Nas últimas duas décadas, o alcance do transporte público e a quantidade de passageiros em uma das maiores cidades do mundo, São Paulo, aumentaram, diminuindo a porcentagem de viagens realizadas por automóvel. Apesar disso, e apesar das restrições excepcionalmente rígidas a certos carros e caminhões durante o horário comercial, o congestionamento, conforme entendido convencionalmente, continua quase inabalável.
O padrão sugere que, embora a disponibilidade de transporte de massa por si só resolva muitos ou a maioria dos problemas de transporte das pessoas, não reduz necessariamente a taxa de congestionamento dos veículos particulares. Talvez isso só seja possível através de uma taxa de congestionamento.
São Paulo (SP) é o maior município das Américas, com 12 milhões de habitantes, ancorando uma área metropolitana de 22 milhões, a décima maior do mundo. A figura abaixo dá uma ideia de sua escala e economia, tradicionalmente industrial, mas agora principalmente voltada para serviços.

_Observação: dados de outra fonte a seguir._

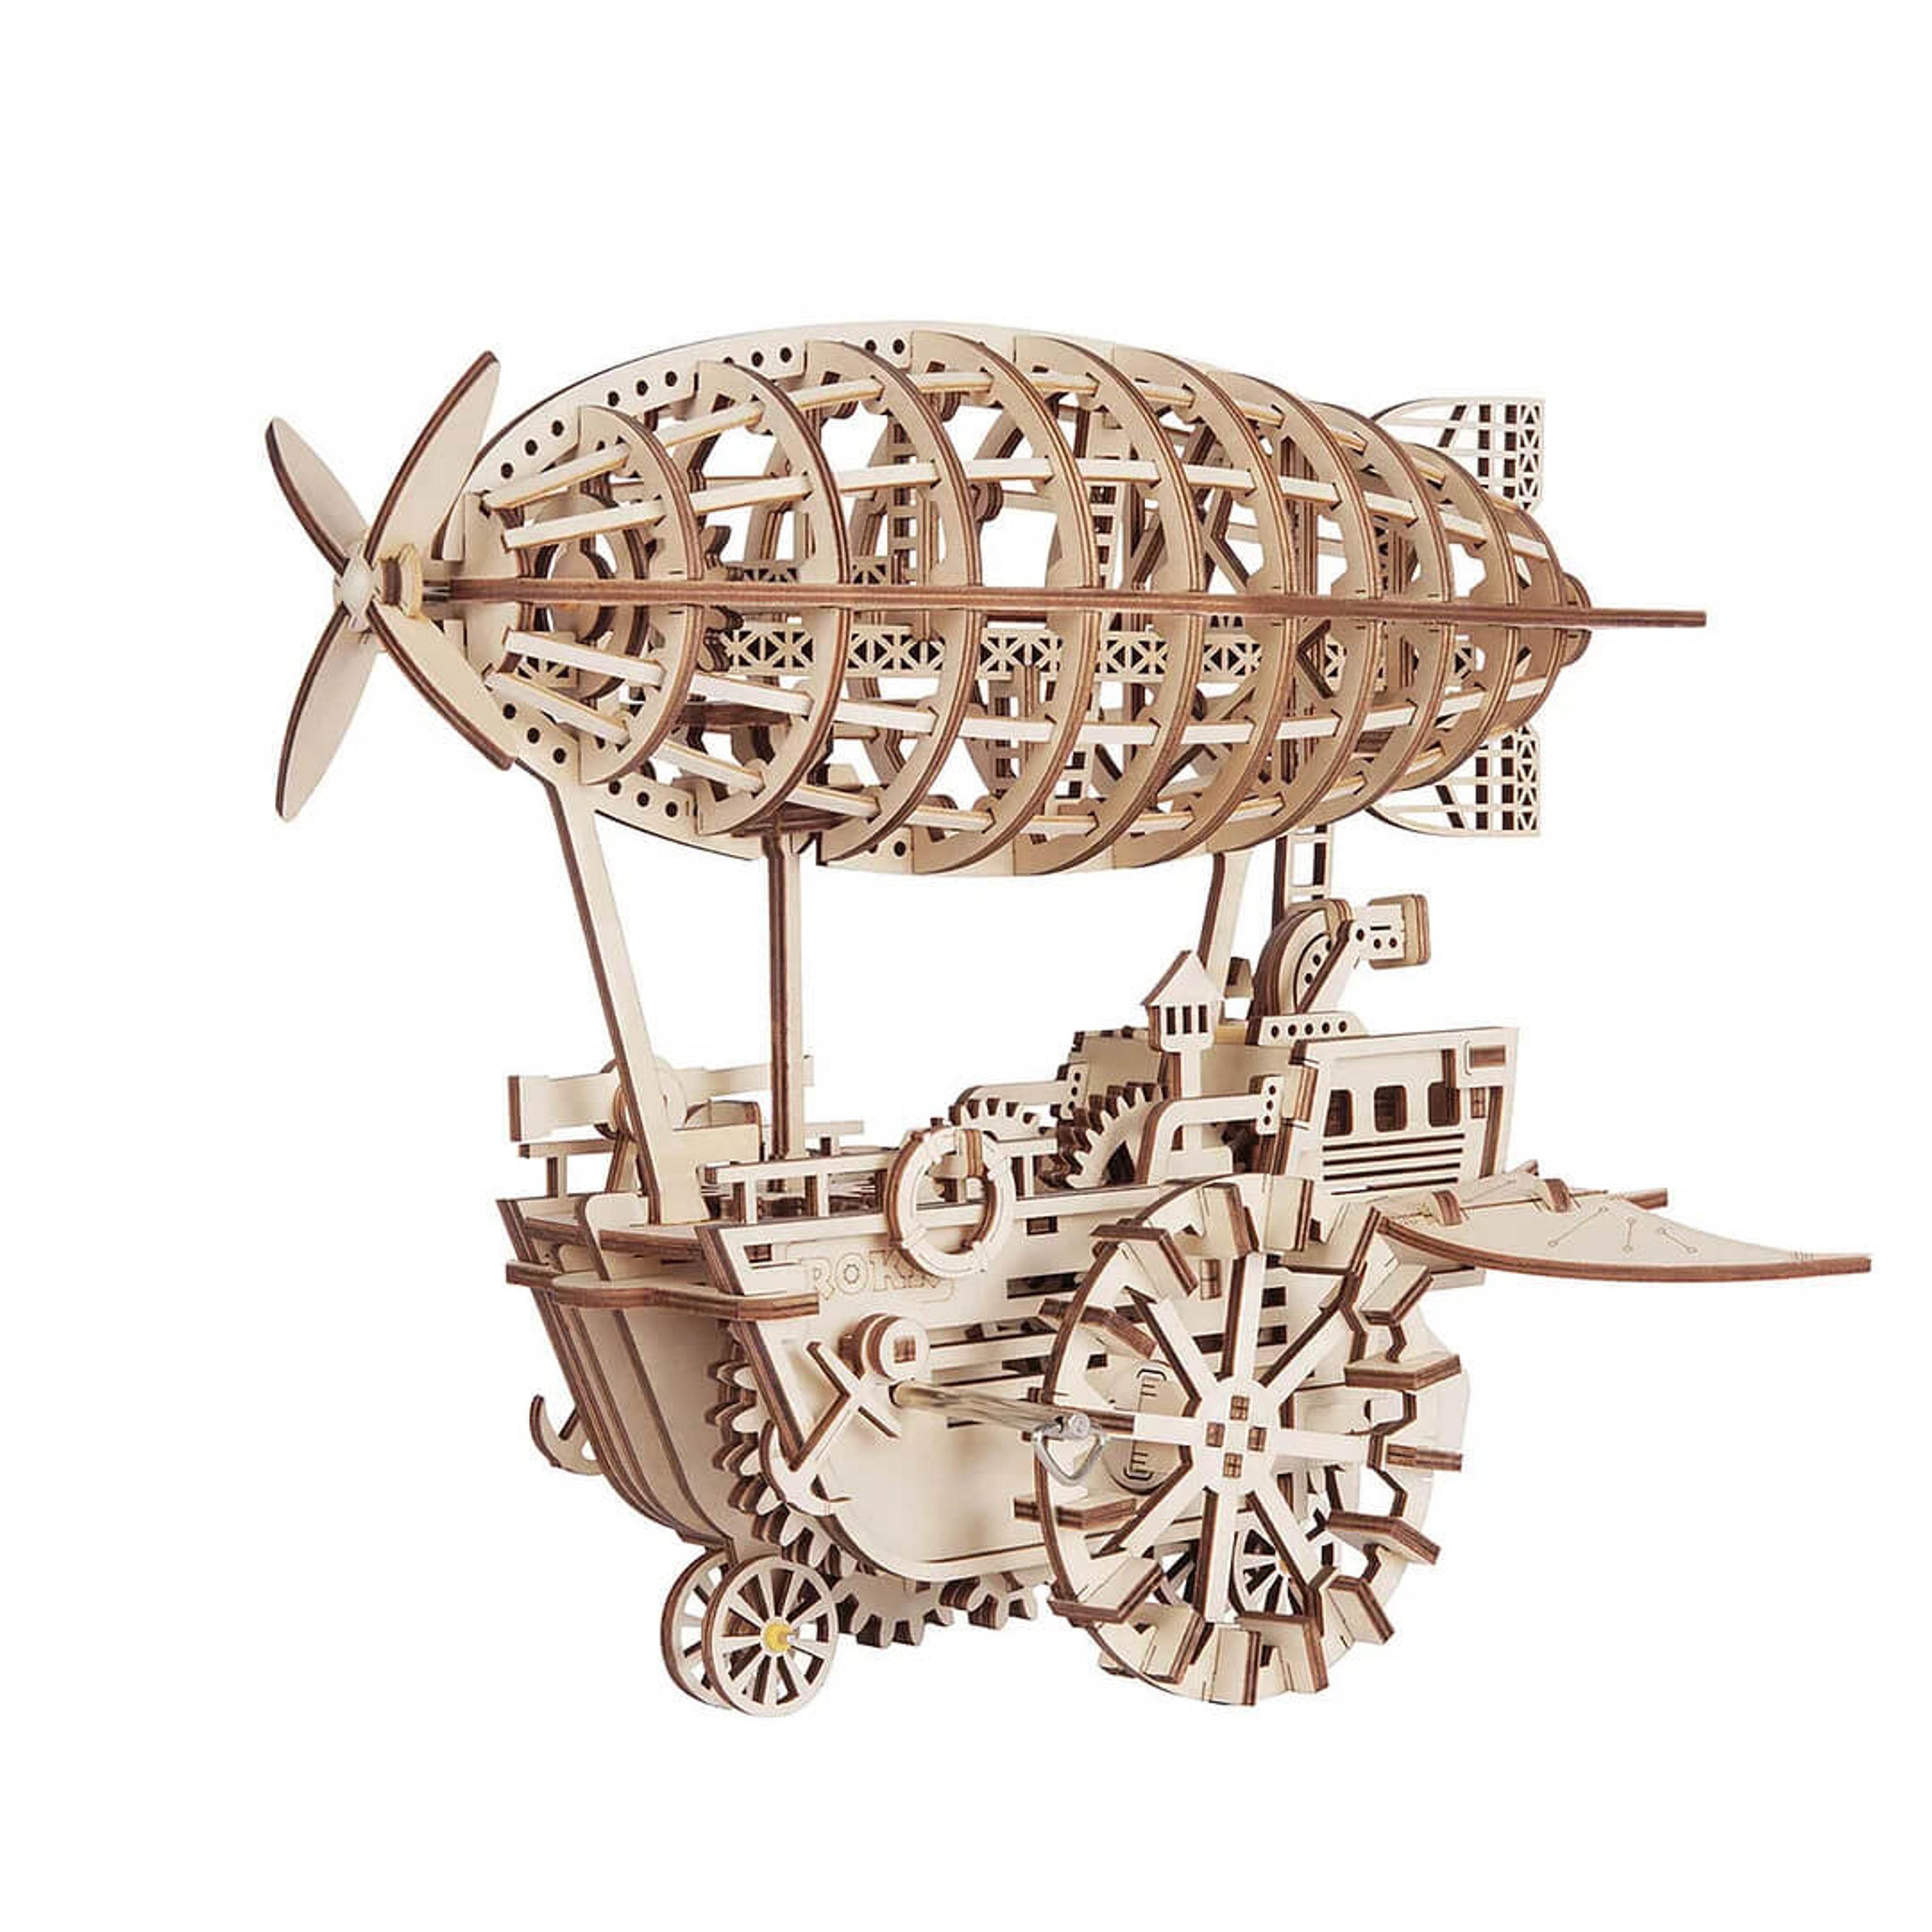 Air Vehicle Mechanical Airship 3D Wooden Puzzle

É representativa de uma nova classe de megacidades de países em desenvolvimento cujas populações cresceram rapidamente no século XX, mas se estabilizaram no século XXI, e que estão construindo infraestrutura de transporte para recuperar o atraso. Constitui um estudo de caso de modos de mobilidade e congestionamento de tráfego antes e depois das redes de trânsito se tornarem disponíveis.
No início dos anos 1960, SP já tinha fama de ter trânsito ruim e, nos anos 1990, os congestionamentos na hora do rush registravam centenas de quilômetros. Paulistas em toda a área metropolitana viajam de um ponto a outro 42 milhões de vezes por dia, em média, para trabalho, escola, socialização, e assuntos diversos.
A cidade se conecta ao resto do estado de São Paulo pela mais extensa rede de rodovias da América Latina, e mais de um milhão de carros chegam à cidade todos os dias. Engenheiros de tráfego municipais estimam que 3,8 milhões de veículos motorizados circulam ativamente dentro dos limites da cidade, enquanto o estado estima o número em 4,4 milhões.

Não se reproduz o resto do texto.